Not for the foreseeable, that's for sure.

If we'd gone for Zero Covid back in February 2020 then we'd have been safe to open up yonks ago.

XenoBitch · 15/07/2021 00:28

A few of the measures you said you have are still following have not been in place for a long time. Honestly, if you are not going to non-essential shops or seeing friends/family, that is on you and no one else. Guidelines about those have been gone for months. You wont get a medal for still following them.

ClaudiaWankleman · 15/07/2021 07:40

If we'd gone for Zero Covid back in February 2020 then we'd have been safe to open up yonks ago.

There’s not a single country which has managed to pursue a zero COVID strategy and retain all the freedoms they had pre COVID.

Not for the foreseeable, that's for sure.

Why so sure?

Ifitquacks · 15/07/2021 07:56

If we'd gone for Zero Covid back in February 2020 then we'd have been safe to open up yonks ago

Like Australia, which is in lockdown again?

SummerTimeIsLovely · 15/07/2021 08:16

You’re very focussed on yourself.
I notice you say it’s shit for parents with young kids - I get that.

But it’s also been shit for students - online Uni for a year - isolating in student residencies away from family and with the Uni not even bothering to check they’re ok.

Young adults who cannot get jobs and are back living with parents when they should be starting independent lives. Again separated from friends they made at Uni/ no longer knowing people in their local area. Pretty shit when your 23 and relying on your 50+ year old parents for a social life.

You really need to get realistic about this and make the most of summer.

It will go on a while, but this inward looking attitude of yours is going to be more damaging to you and your children than anything Covid throws at us.

Letsbeeavenuee · 15/07/2021 08:32

I try and just live now. I've kept my life very minimal. We've not left the local area. We've just done tons of walking and not been to anyone's houses. I have not had the vaccine yet and I believe it's my choice. I am being constantly harrassed by my parents and they told me eventually it will get me and if I die my kids won't have a mum. My parents are terrified. It's extreme how people are being. Don't get me wrong there's many people who are vunerable and the elderly etc. I also know it's getting young people. But it's rare for it to be bad. That doesn't cancel it out.
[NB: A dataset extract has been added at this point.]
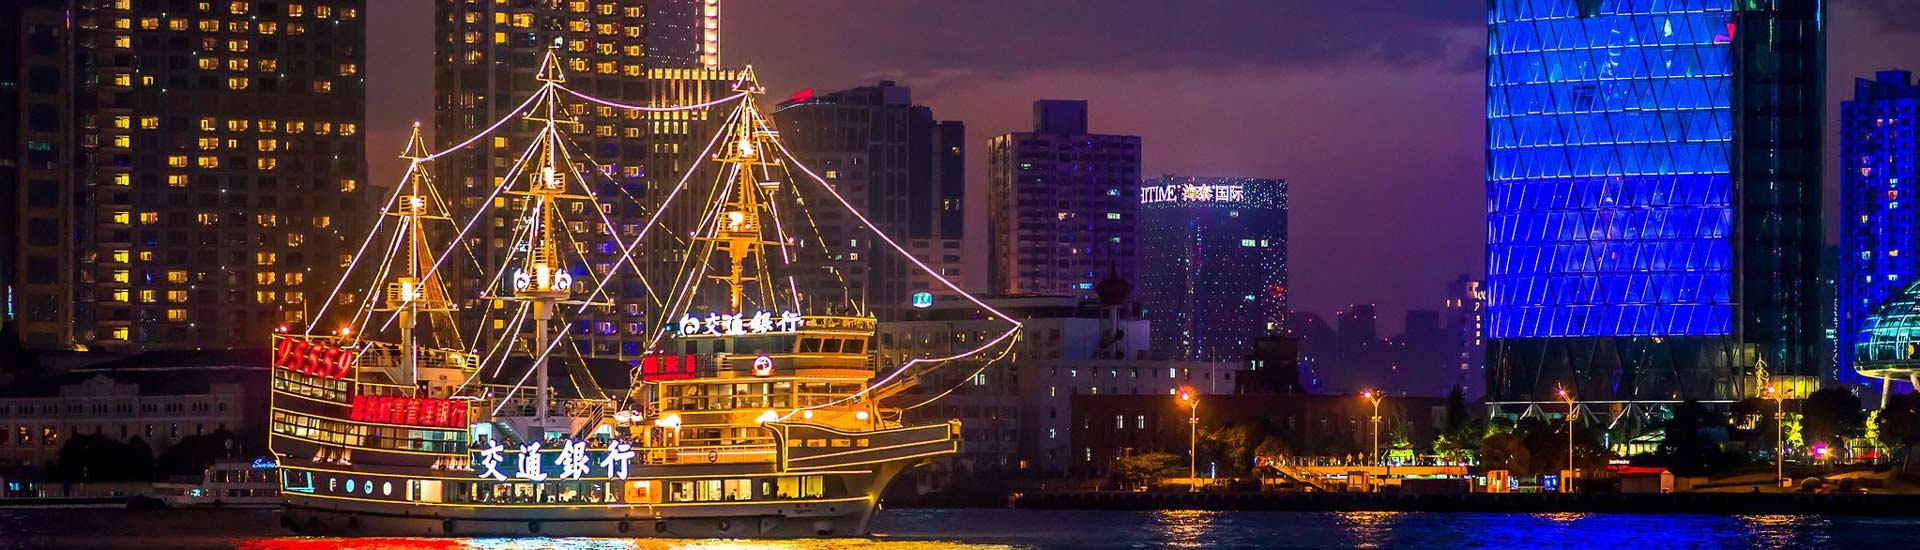 Huangpu River Cruise Ticket
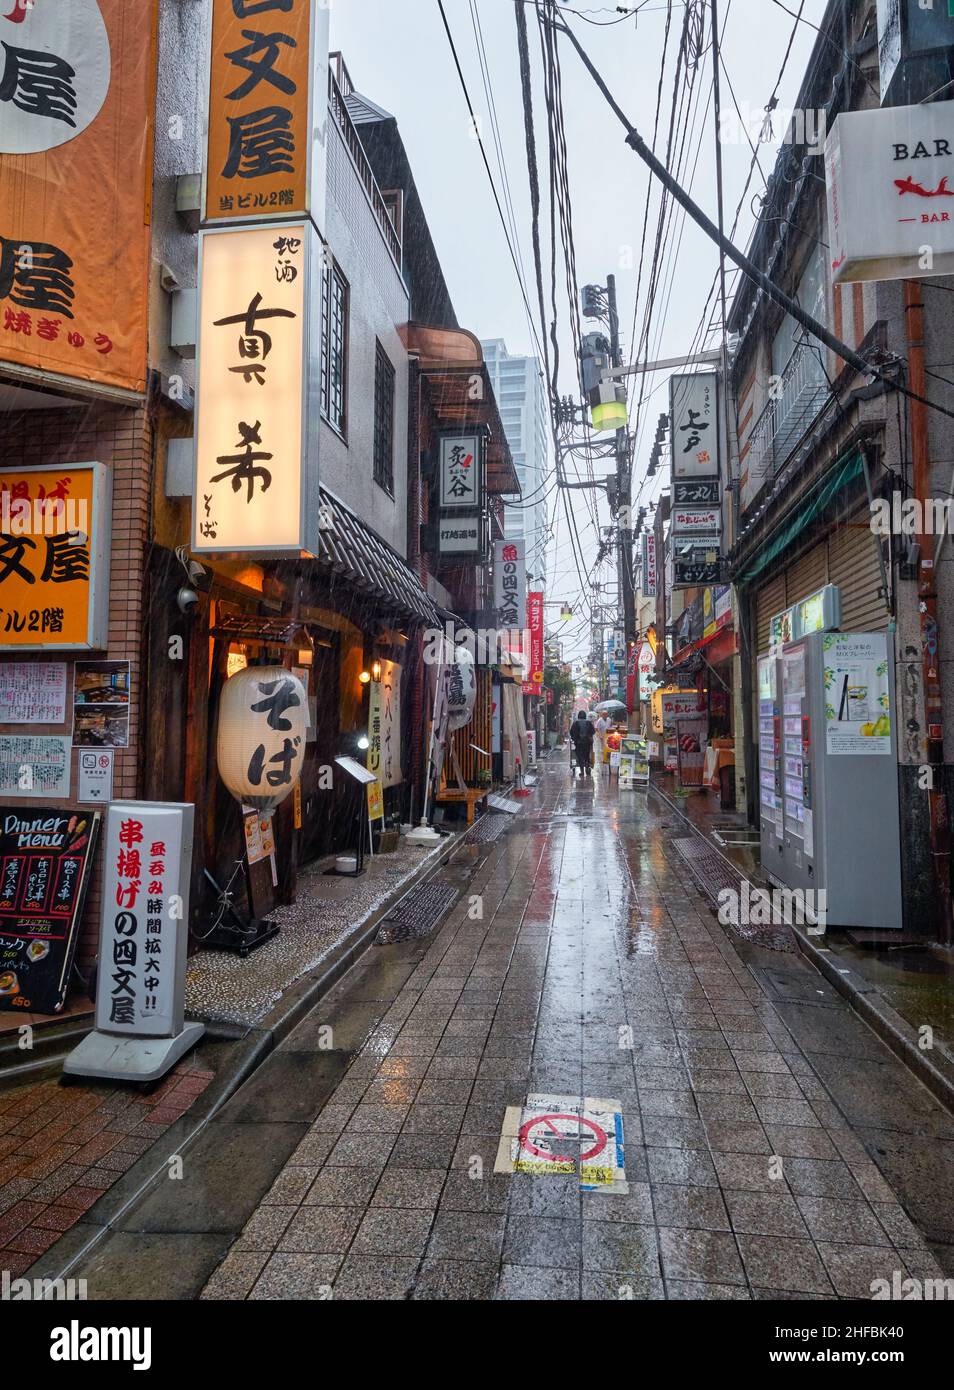 Tokyo, Japan - October 25, 2019: The view of the old market street with bars and restaurants under the heavy rain at twilight. Shibuya city. Tokyo. Ja Stock Photo

I live My life based on anything could happen to anyone. We don't have control over many things. Cancers. Loosing a pregnancy. Catching a virus. The weather. But we keep living.

I think we need to be hygienic but start living.

My son's 3 and started mixing again in march. Got him in with a childminder. He's had two awful coughs. A bad cold. Tonsolitis. A really bad stomach bug. All because he's not been mixing and getting exposure. We have got to start living again.

TheVampiresWife · 15/07/2021 08:40

@NannyAndJohn well, zero covid isn't going to happen now, unfortunately. And even if we had gone for it in February last year, it wouldn't have stayed at zero for long. It's a pointless argument.

That being the case, when is the right time to open up? Now, when hospitalisations are far lower than in previous waves when infection rates were as high as they are currently/school holidays almost upon us/no extra winter pressure on the NHS or shall we wait until the autumn, when schools are open and respiratory illness season is in full swing? I mean, how much pressure do you want to put on the NHS?